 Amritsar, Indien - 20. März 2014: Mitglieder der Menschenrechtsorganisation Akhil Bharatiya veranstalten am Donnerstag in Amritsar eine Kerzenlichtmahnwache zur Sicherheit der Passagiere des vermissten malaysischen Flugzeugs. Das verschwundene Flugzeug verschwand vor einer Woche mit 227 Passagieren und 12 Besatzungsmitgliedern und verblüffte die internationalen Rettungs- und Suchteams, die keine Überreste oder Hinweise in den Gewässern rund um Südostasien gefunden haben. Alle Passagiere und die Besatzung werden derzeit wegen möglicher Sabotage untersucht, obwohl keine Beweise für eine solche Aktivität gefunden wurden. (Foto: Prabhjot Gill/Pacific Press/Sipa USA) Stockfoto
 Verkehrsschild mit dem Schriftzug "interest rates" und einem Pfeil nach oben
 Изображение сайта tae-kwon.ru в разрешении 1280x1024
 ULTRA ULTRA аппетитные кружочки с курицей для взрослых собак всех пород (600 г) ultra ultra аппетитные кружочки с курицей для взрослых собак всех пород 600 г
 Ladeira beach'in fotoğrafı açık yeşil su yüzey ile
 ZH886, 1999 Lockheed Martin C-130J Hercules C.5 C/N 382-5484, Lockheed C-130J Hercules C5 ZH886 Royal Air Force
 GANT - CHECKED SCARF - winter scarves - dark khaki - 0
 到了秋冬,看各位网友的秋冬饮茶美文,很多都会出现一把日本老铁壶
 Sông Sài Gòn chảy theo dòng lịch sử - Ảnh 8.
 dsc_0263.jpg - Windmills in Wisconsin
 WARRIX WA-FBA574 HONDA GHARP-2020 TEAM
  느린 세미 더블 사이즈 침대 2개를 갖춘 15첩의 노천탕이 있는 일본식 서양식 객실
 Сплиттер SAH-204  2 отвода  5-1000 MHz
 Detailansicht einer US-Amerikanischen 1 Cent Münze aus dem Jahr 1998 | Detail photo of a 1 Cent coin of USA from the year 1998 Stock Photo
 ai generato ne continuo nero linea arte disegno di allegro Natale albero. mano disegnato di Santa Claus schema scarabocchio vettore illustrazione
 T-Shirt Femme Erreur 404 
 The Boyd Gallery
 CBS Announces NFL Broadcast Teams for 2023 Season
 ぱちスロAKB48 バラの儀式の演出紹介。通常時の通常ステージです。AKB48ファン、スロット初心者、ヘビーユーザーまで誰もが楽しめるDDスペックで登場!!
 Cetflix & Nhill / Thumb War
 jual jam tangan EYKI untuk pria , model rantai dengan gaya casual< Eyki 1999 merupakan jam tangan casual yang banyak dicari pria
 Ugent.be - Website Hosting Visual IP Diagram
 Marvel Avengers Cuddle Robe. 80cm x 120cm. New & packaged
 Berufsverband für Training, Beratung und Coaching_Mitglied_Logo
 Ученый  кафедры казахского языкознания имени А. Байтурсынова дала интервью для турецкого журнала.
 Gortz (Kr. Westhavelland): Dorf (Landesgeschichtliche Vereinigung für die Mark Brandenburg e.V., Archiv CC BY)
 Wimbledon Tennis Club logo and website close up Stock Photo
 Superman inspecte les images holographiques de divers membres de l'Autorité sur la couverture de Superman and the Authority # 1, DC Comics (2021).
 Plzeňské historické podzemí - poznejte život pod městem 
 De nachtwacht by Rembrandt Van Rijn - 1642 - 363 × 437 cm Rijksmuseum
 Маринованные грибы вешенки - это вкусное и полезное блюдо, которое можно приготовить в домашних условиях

*DIRECTIONS:* Only certain lines are wanted. Please return exactly those from the top of the data through the line with "느린 세미 더블 사이즈".

*RESPONSE TO THE EXERCISE:*
 Amritsar, Indien - 20. März 2014: Mitglieder der Menschenrechtsorganisation Akhil Bharatiya veranstalten am Donnerstag in Amritsar eine Kerzenlichtmahnwache zur Sicherheit der Passagiere des vermissten malaysischen Flugzeugs. Das verschwundene Flugzeug verschwand vor einer Woche mit 227 Passagieren und 12 Besatzungsmitgliedern und verblüffte die internationalen Rettungs- und Suchteams, die keine Überreste oder Hinweise in den Gewässern rund um Südostasien gefunden haben. Alle Passagiere und die Besatzung werden derzeit wegen möglicher Sabotage untersucht, obwohl keine Beweise für eine solche Aktivität gefunden wurden. (Foto: Prabhjot Gill/Pacific Press/Sipa USA) Stockfoto
 Verkehrsschild mit dem Schriftzug "interest rates" und einem Pfeil nach oben
 Изображение сайта tae-kwon.ru в разрешении 1280x1024
 ULTRA ULTRA аппетитные кружочки с курицей для взрослых собак всех пород (600 г) ultra ultra аппетитные кружочки с курицей для взрослых собак всех пород 600 г
 Ladeira beach'in fotoğrafı açık yeşil su yüzey ile
 ZH886, 1999 Lockheed Martin C-130J Hercules C.5 C/N 382-5484, Lockheed C-130J Hercules C5 ZH886 Royal Air Force
 GANT - CHECKED SCARF - winter scarves - dark khaki - 0
 到了秋冬,看各位网友的秋冬饮茶美文,很多都会出现一把日本老铁壶
 Sông Sài Gòn chảy theo dòng lịch sử - Ảnh 8.
 dsc_0263.jpg - Windmills in Wisconsin
 WARRIX WA-FBA574 HONDA GHARP-2020 TEAM
  느린 세미 더블 사이즈 침대 2개를 갖춘 15첩의 노천탕이 있는 일본식 서양식 객실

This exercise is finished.